Journal logo

They Say "We're Data-Driven," I Hear: "We're Stale"

Don't let your marketing go stale

By Paul BoksermanPublished about a year ago 4 min read
Like

Marketers drizzle the phrase "data-driven" across their website like a glob of ranch dressing over salad from a franchised pizza place.

I've interviewed dozens of marketing professionals over the years, and 87.3% of the time, when they say "we're data-driven," I hear: "we're stale." The conversation invariably goes the same way. Jargon jargon jargon; then you ask a thought-provoking question to tease out perspective and style and quickly notice a distinct lack of critical thought behind their strategy. Every question prompting a creative answer is met with a lifeless number or case study.

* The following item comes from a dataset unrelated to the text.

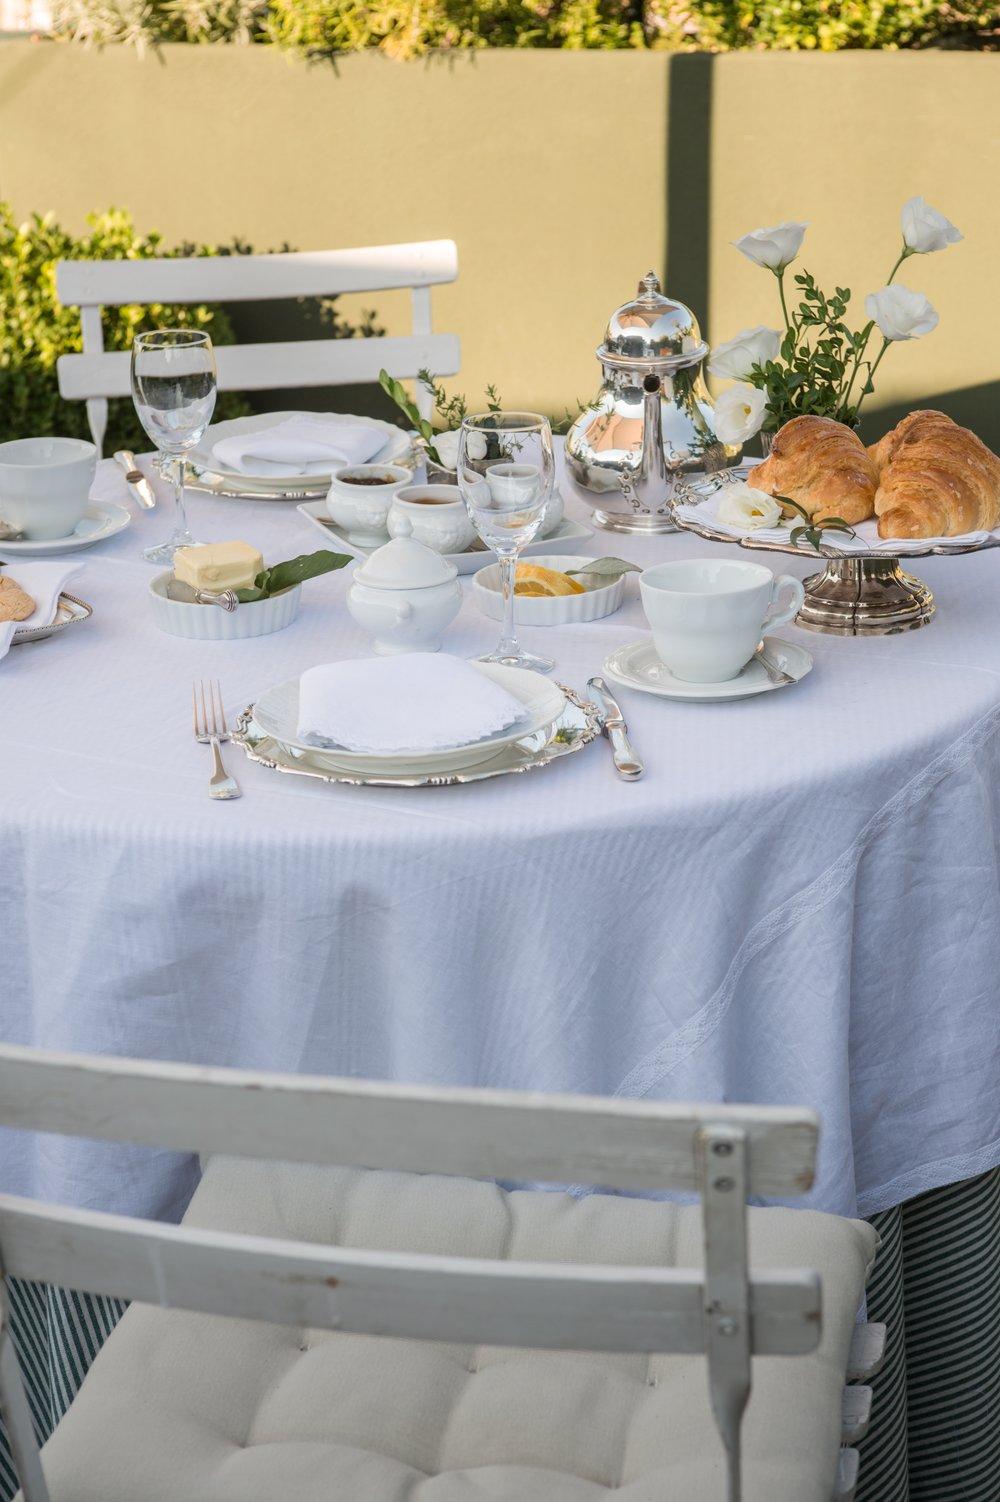 Garden Suite - breakfast on the terrace

They treat statistical significance as law because we all know there are no avenues for bias to enter data analysis. They treat consumer psychology as a rule book because people just love being treated like numbers. It's like ordering a 4-course meal from a vending machine because it has "Made Fresh!" in bright, bold letters across the front. The claim is technically true, but the result is rarely worth it

I'm not discrediting data or the people who collect, clean, validate, and analyze it. Data analysis has textured nuance revealed only through experience and depth of flavour from steeping creativity. Obviously, there's benefit to sampling a population and leveraging the results to

  • Develop standards for what we've learned doesn't work;
  • Objectively settle debates of personal taste without involving HR;
  • Derive interesting questions from unexpected results;
  • Highlight trends and opportunities we'd otherwise miss.

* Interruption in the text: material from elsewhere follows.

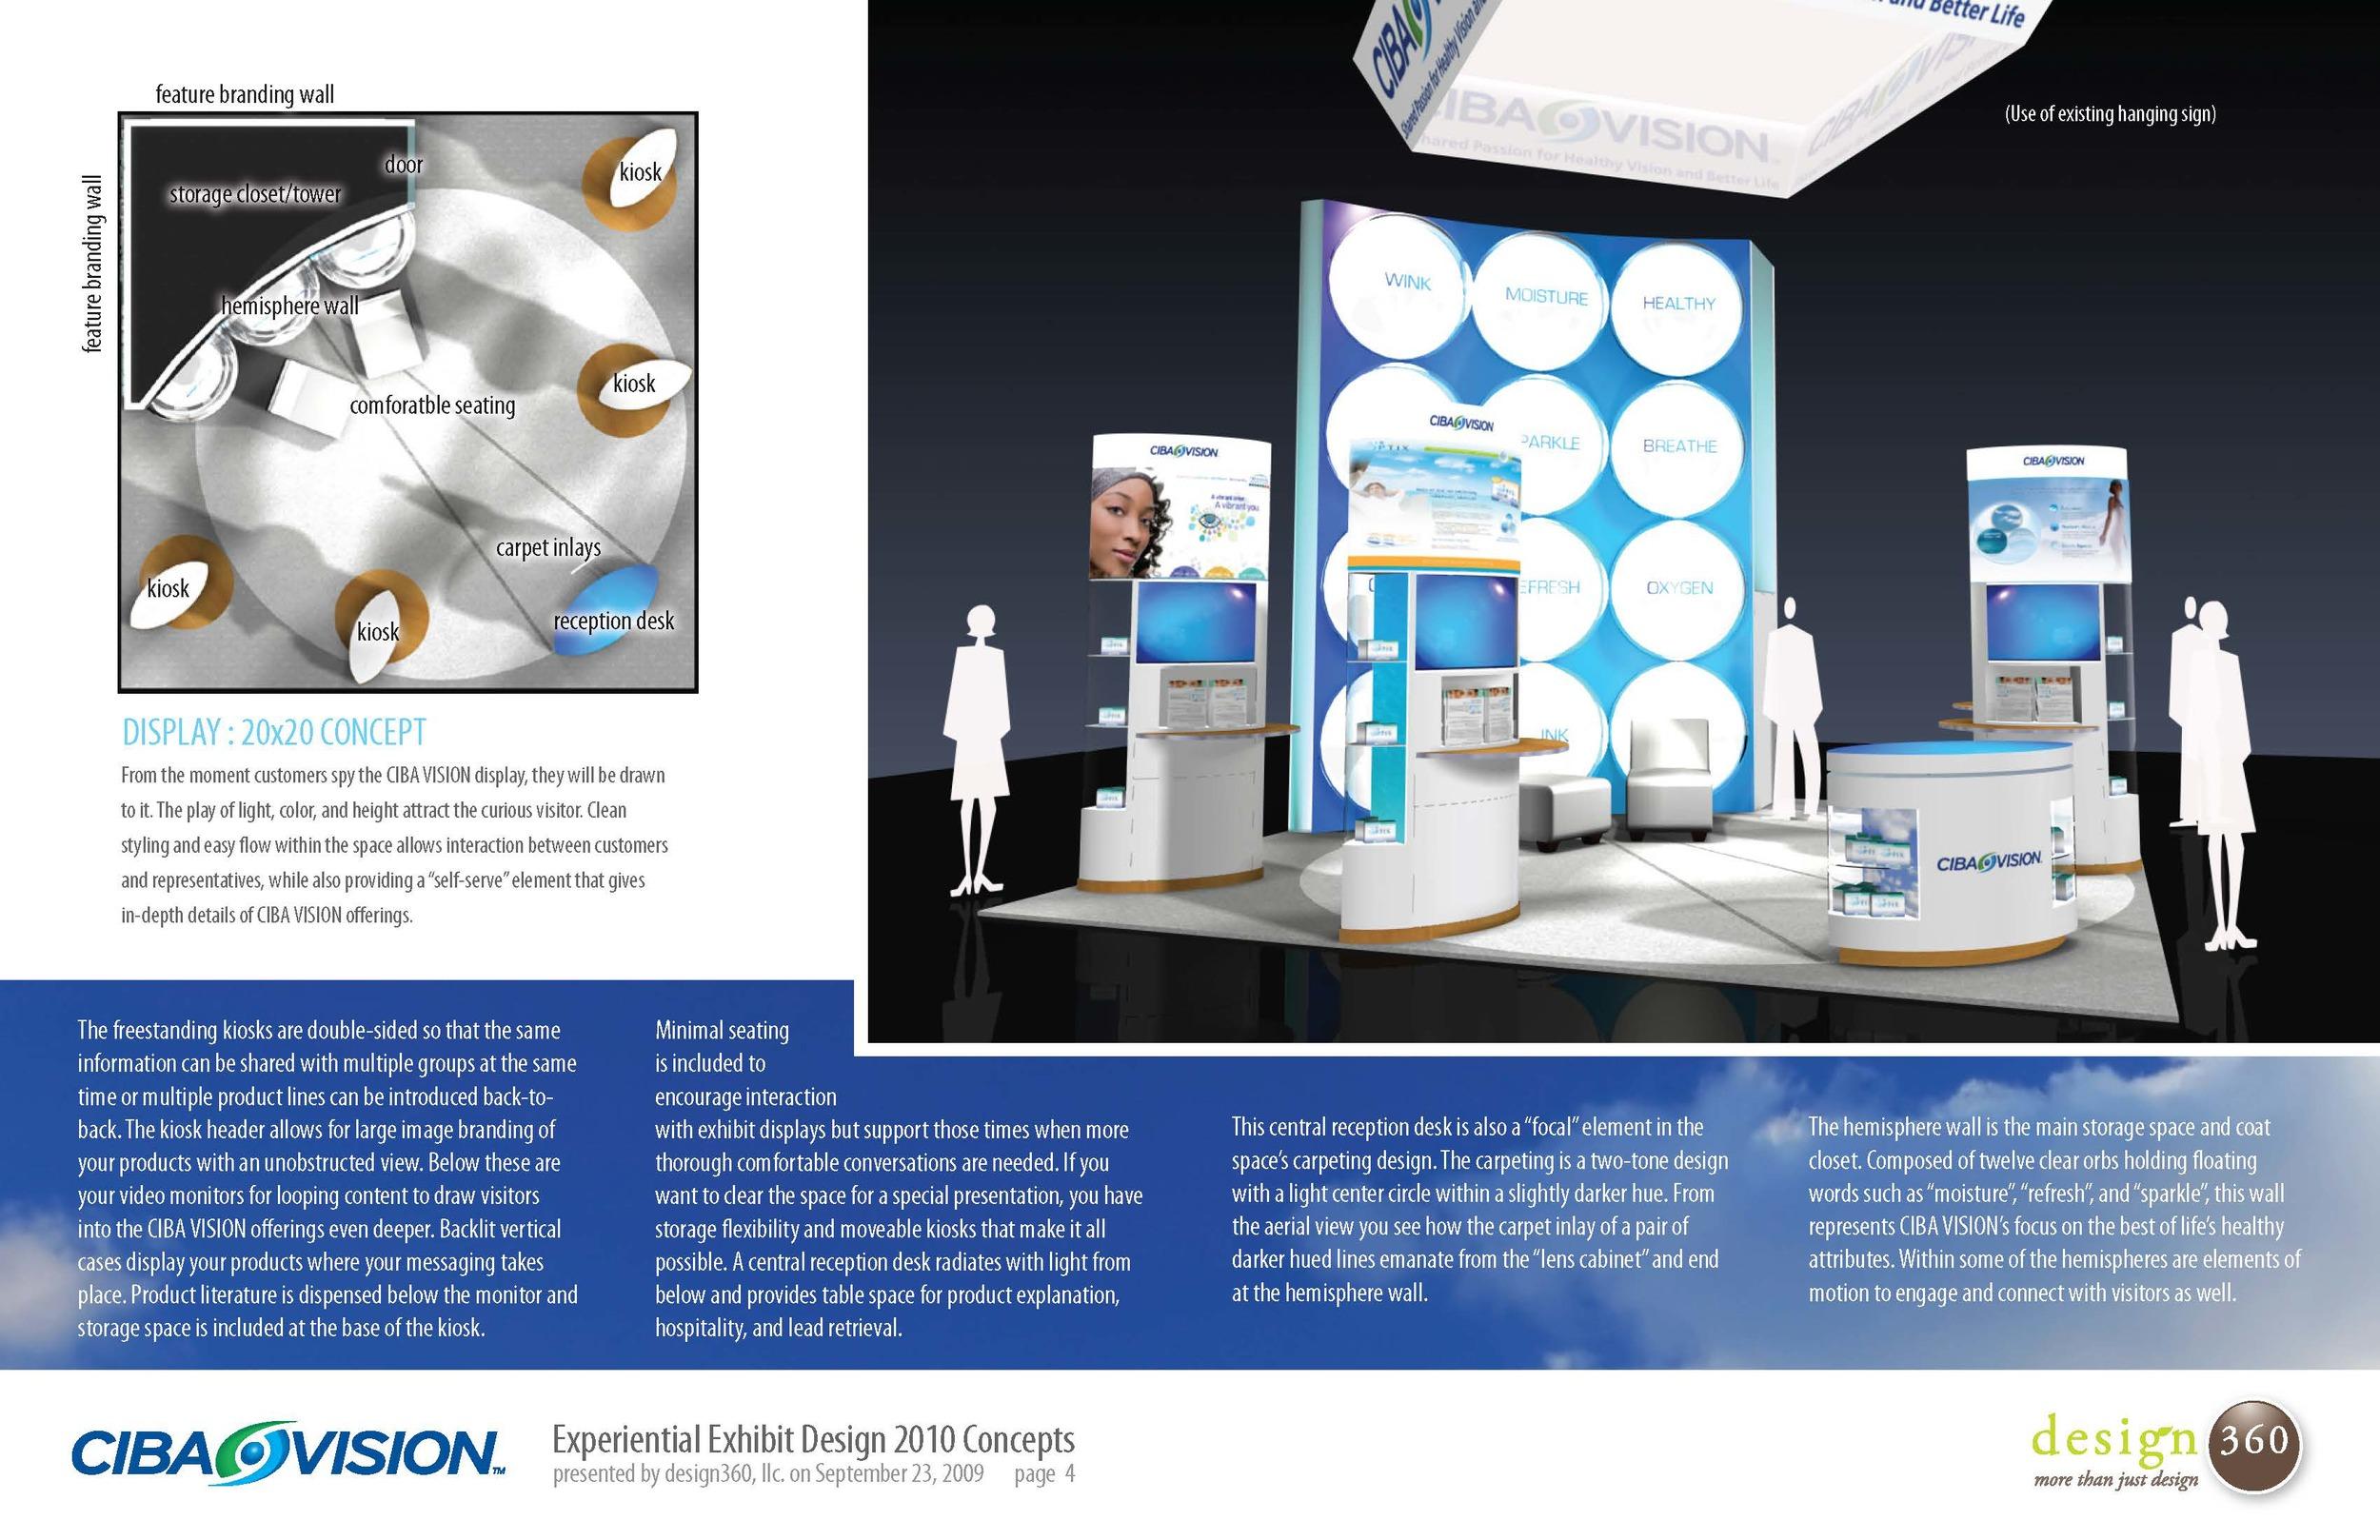 design360_cibavision_page_4.jpg

But most marketers use data as a crutch to overcompensate for tone-deaf style. They're chefs who let their knives write the menu. Blind optimization leads to fast food; creative ideation and masterful execution lead to a Michelin star.

What makes a brand memorable?

Recall an experience, personal or professional. Maybe it's a story you love to tell new friends.

Can you pinpoint why your story is so memorable?

Odds are you carry that memory because of how every detail came together, not because of any one element. In most situations, you can't point to one thing and say, "that's it!" even if there was one detail adhering the memory to your conscious mind.

Now think about how you'd share that story. You wouldn't note the room's ambient temperature or the colour of your shirt (unless they're integral to the story). You give background and introduce characters before shaping ephemeral sensations and detailing transient phenomena, and even then, your description is a story, not a checklist.

I'm describing a gestalt entity - the whole is greater than the sum of its parts. It’s this quality that makes something memorable. We cannot recreate it by following the data. Top-down, the totality of an experience cannot be reduced to components and retain the spark. Bottom-up, engineering every unit doesn't guarantee a memorable experience.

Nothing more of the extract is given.